As we discussed in class lat and lon are great for mapping things on a flat map, but do not do so well with measuring distances on a sphere. 

To display our mean centers on a webmap we have to take our x,y, and z measuremtns and return them to Lat and Long

Convert lat and lon to degrees from radians.

```
meanLat = meanLat * 180/PI
meanLon = meanLon * 180/PI
```

Convert average x, y, z coordinate to latitude and longitude. 

```
meanLon = arctan2(y, x)
Hyp = sqrt(x * x + y * y)
meanLat = arctan2(z, hyp)
```

In [None]:
geogMean["meanLon"] = (np.arctan2(geogMean.Y, geogMean.X)) * (180/PI)
Hyp = np.sqrt(geogMean.X * geogMean.X + geogMean.Y * geogMean.Y)

geogMean

In [None]:
#Create a new dataframe to hold the mean latitude and mean longitude from our geogMean dataframe here
geogClean = geogMean[['Decade', 'meanLon', 'meanLat']]
# Look at the new geogClean dataframe
geogClean

#HINT: you may need to make an additioanl column to calculate mean lattitude

### Now on to mapping the data! This is a geospatial class

In [None]:
# First, we need to make sure the the decade column in the cleaned dataframe is of type string!
geogClean['Decade'] = geogClean['Decade'].apply(str) #Confirms that the decade variable a string

Now let's map out these data using [Folium](/https://python-visualization.github.io/folium/quickstart.html#Vincent/Vega-and-Altair/VegaLite-Markers). <- Click here for more info!

In [None]:
#Create a webmap here that displays the mean centers of MLB teams over time. 
m = folium.Map(prefer_canvas=True, location=[40.57861,-85.186529],
zoom_start=6, tiles="Stamen Toner")

for i in range (0,len(geogClean)):
  folium.Marker(
      location = [geogClean.iloc[i]['meanLat'],geogClean.iloc[i]['meanLon']], 
      # popup=geogClean.iloc[i]['Decade'],
      icon=folium.DivIcon(html=f"""<div style="font-family: courier new; color: blue">{geogClean.iloc[i]['Decade']}</div>""")
                
  ).add_to(m)
m

## Questions
### 4. Our map shows an unweighted spatial **Mean** of professional baseball teams over time. What do you think might change if we graphed the spatial **Median** of the teams? Why?
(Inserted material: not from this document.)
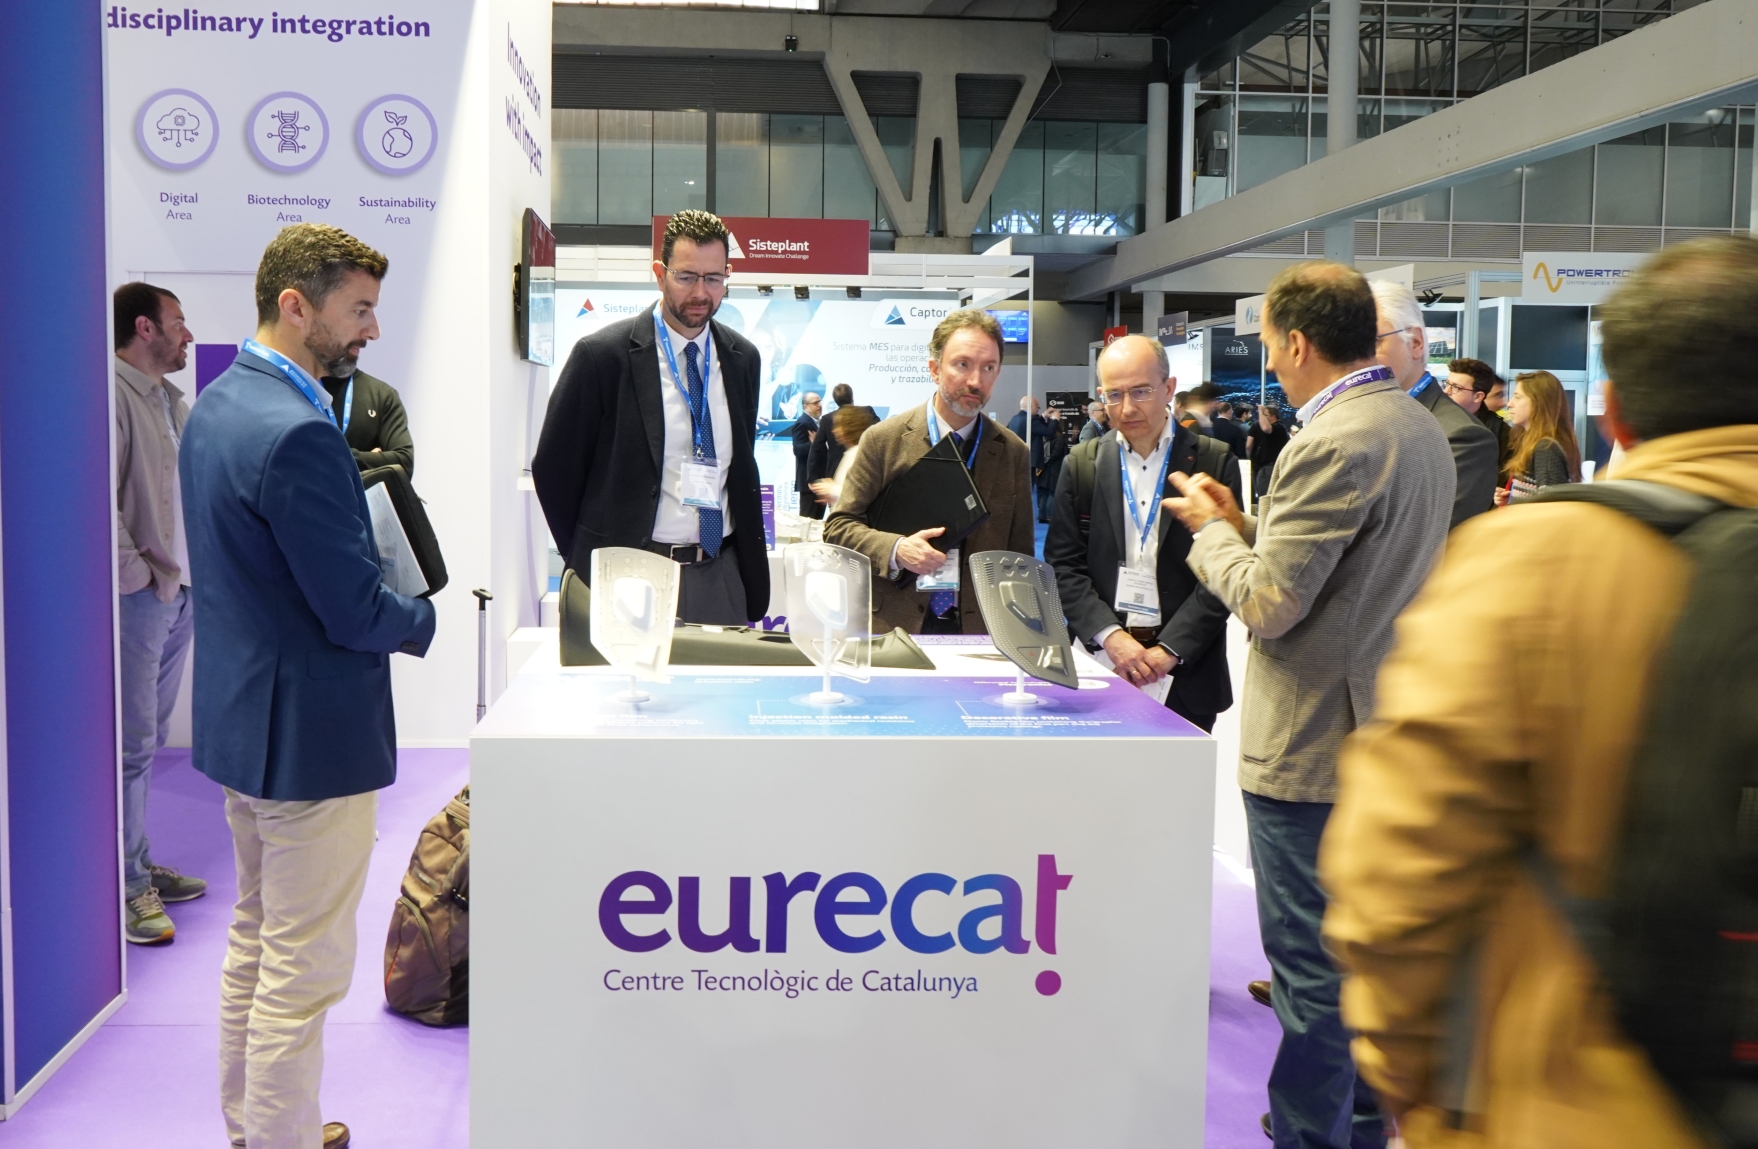 Eurecat aplica la inteligencia artificial en nuevas soluciones de fabricación avanzada para el sector textil, automoción y construcción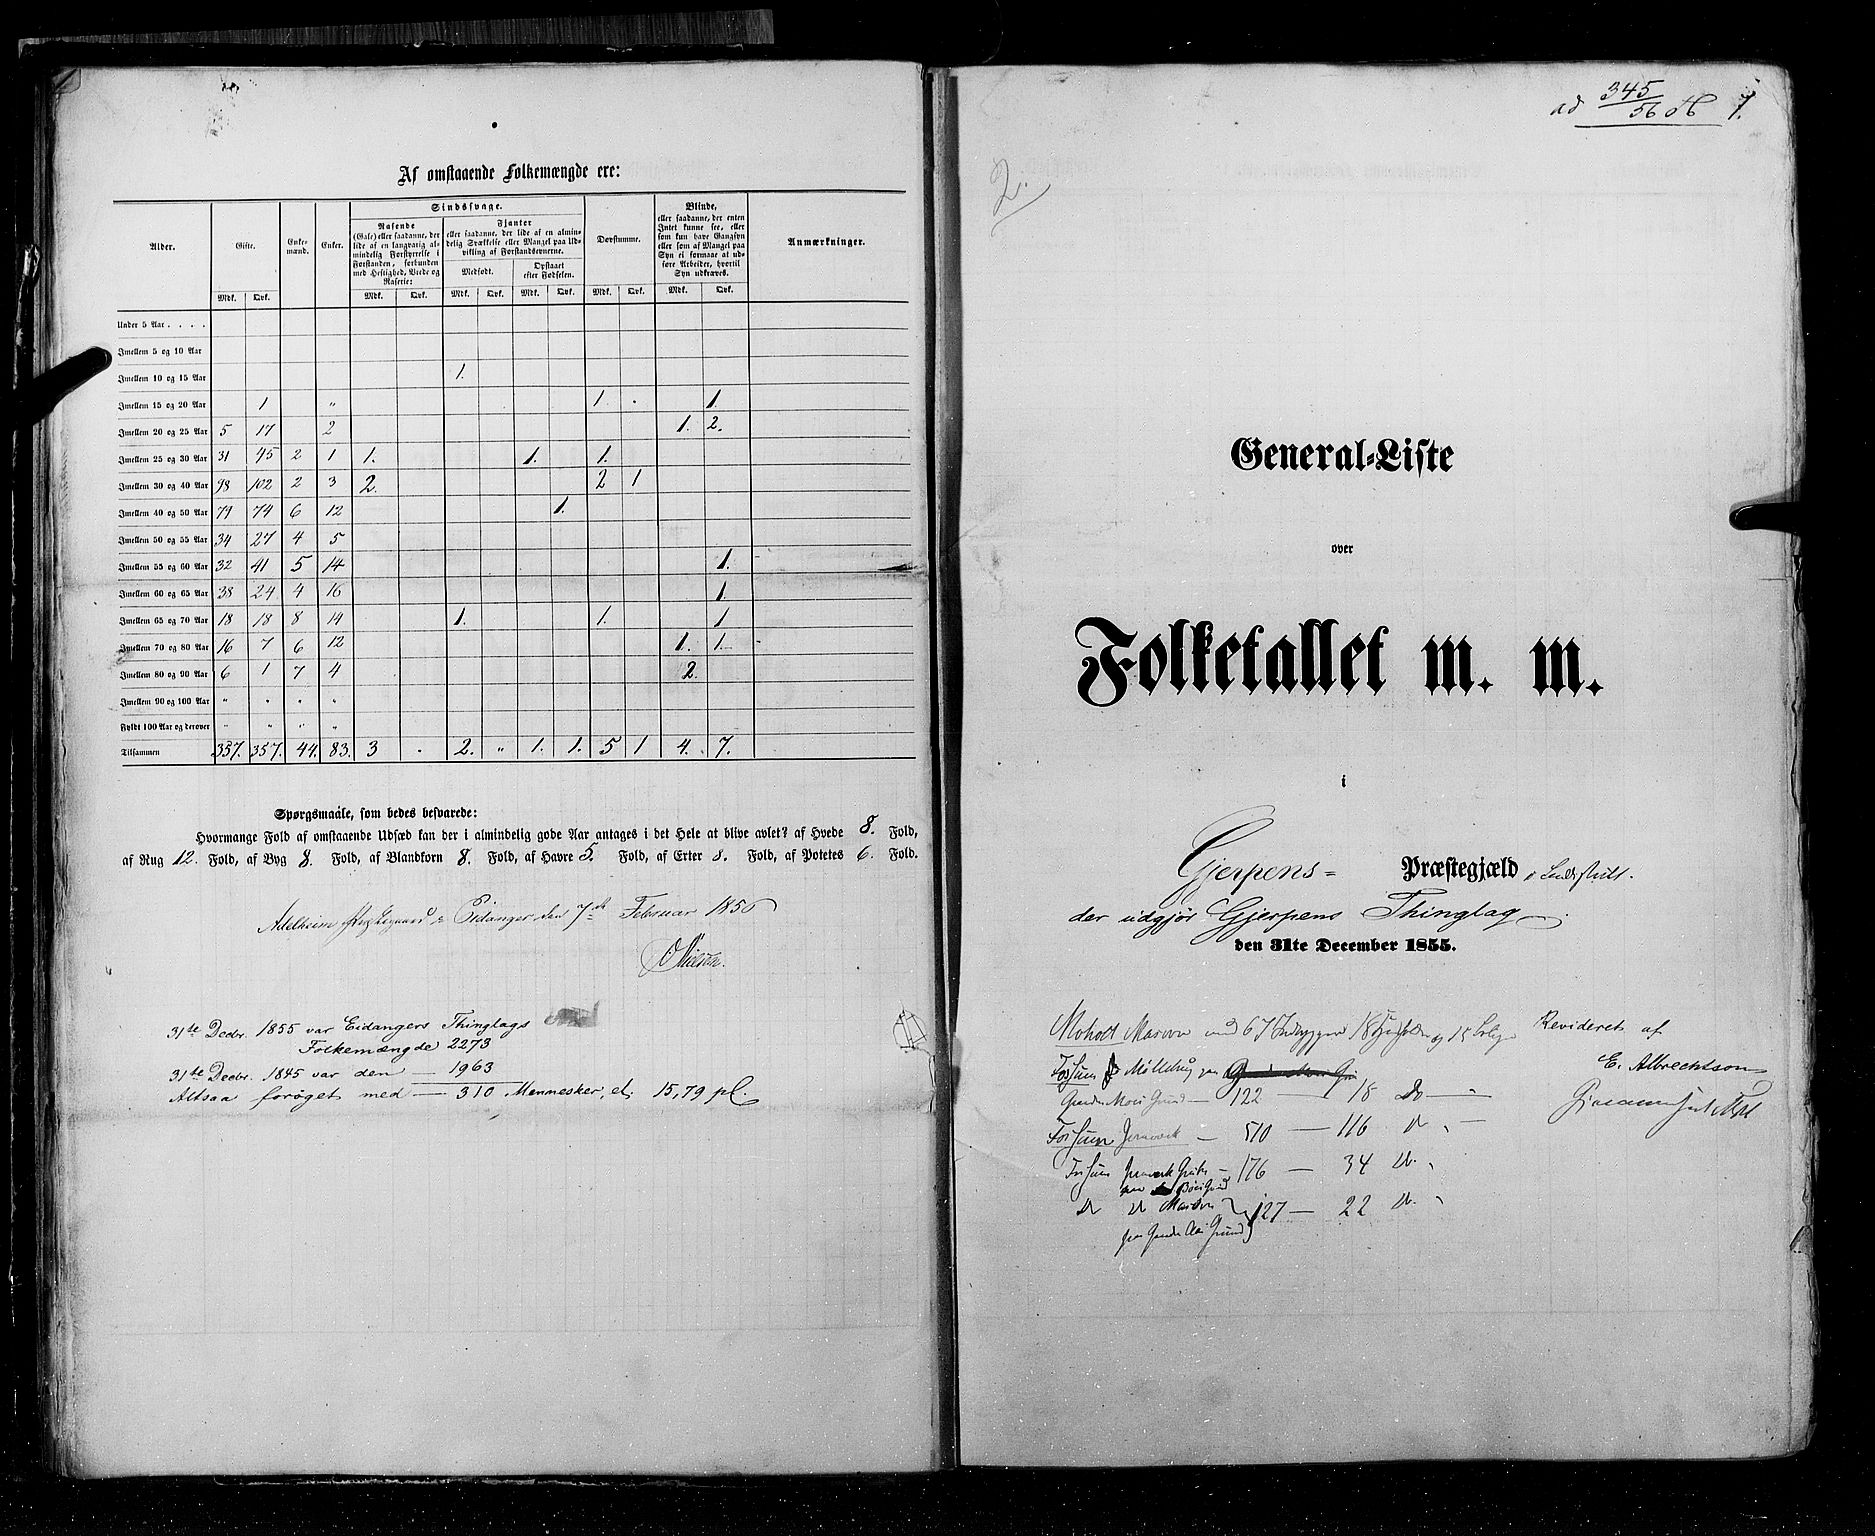 RA, Census 1855, vol. 3: Bratsberg amt, Nedenes amt og Lister og Mandal amt, 1855, p. 7

### 5. Liam is a huge baseball fan. According to our map, where should he move to be as close to as many professional teams as possible? 


### 6. Liam wants to minimize his travel time to see as many games as possible. Do you think he should decide where to move using the spatial mean of the teams or the spatial median? Why?